Stoddard and her team then used the model to extrapolate egg shapes by varying the two parameters. They used the data to compare egg shapes across different bird species. In the comparisons, they took into consideration various characteristics — like how big the birds were, where they made their nests, their diet and flight prowess. According to Stoddard, the results showed that none of the above characteristics create a consistent trend, apart from how good the birds were at flying. Birds that are excellent at flying had more asymmetrical eggs that were pointier and more elongated.

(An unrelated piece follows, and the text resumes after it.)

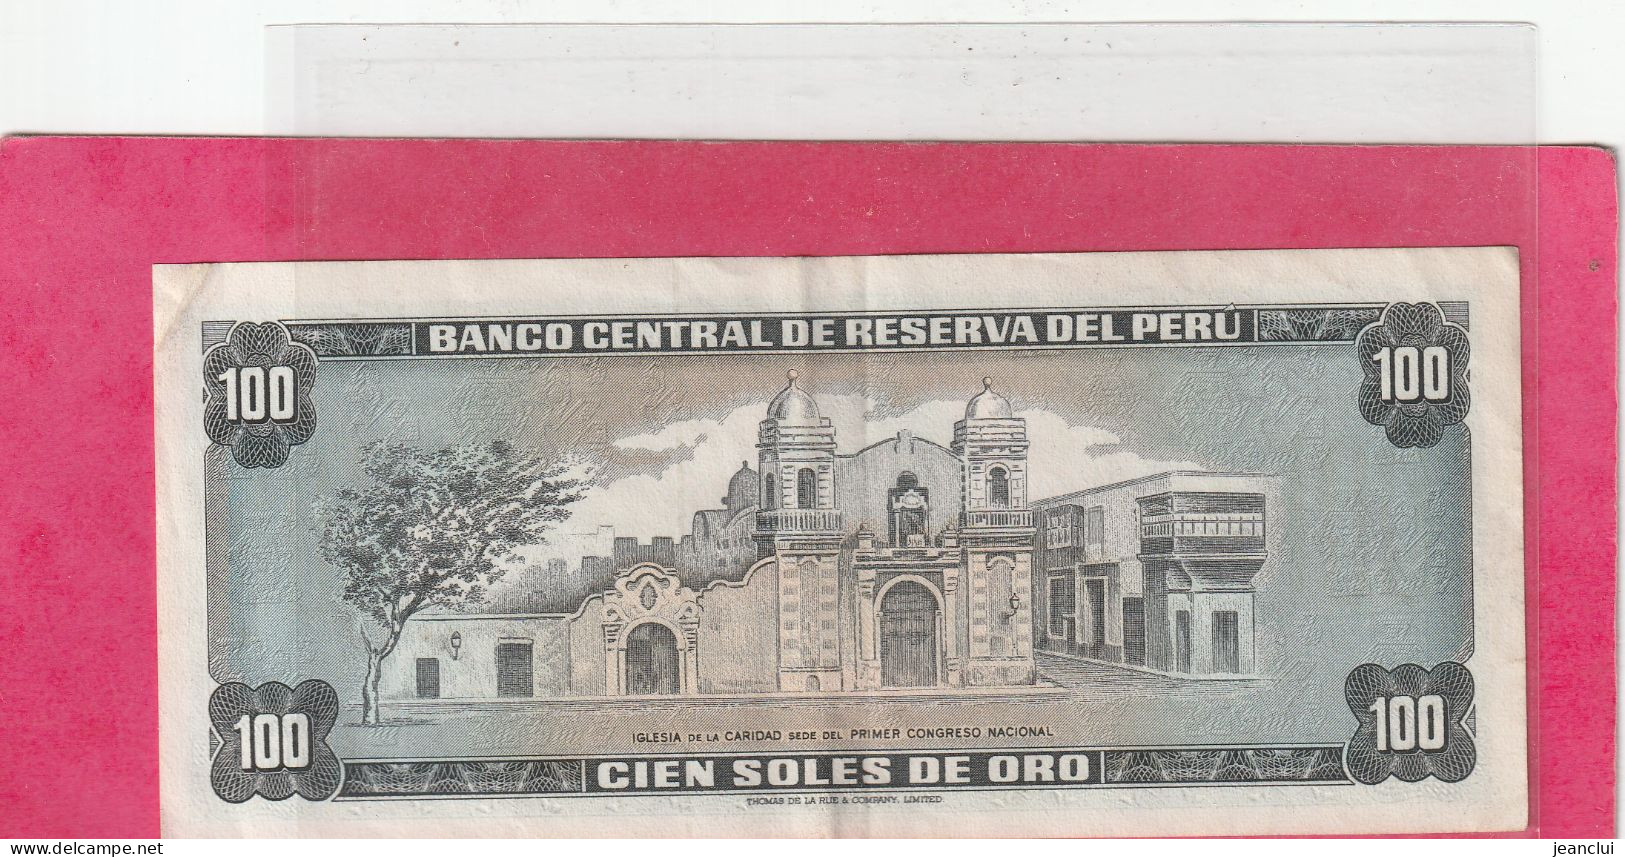 BANCO CENTRAL DE RESERVA DEL PERU .  100 SOLES DE ORO  .  16 DE MAYO DE 1974  . N°  G 121495 .  2 SCANNES  .  BEL ETAT - Perú

The explanation: As bodies of birds evolved to become better adapted for flight, they acquired a more sleek and streamlined shape. Their internal organs also became more compressed to take shape. For example, their oviducts became stretchier. Within the oviduct, a stretchy membrane that gives eggs their shape is formed around the white and yolk before the egg shells are cast. Therefore the membrane took the slender shape of the tube. The structure also enabled eggs to pack as many nutrients as possible
For instance, fast and powerful fliers like common murres have evolved to have asymmetric eggs. So have sandpipers, which are known to migrate over long distances. Wondering albatross have elliptical eggs, and they are one of the farthest flying birds. On the other hand, Eastern screech owls hardly explore life beyond their small territory. They fly with little low-powered glides. As a result, their eggs take a more spherical shape.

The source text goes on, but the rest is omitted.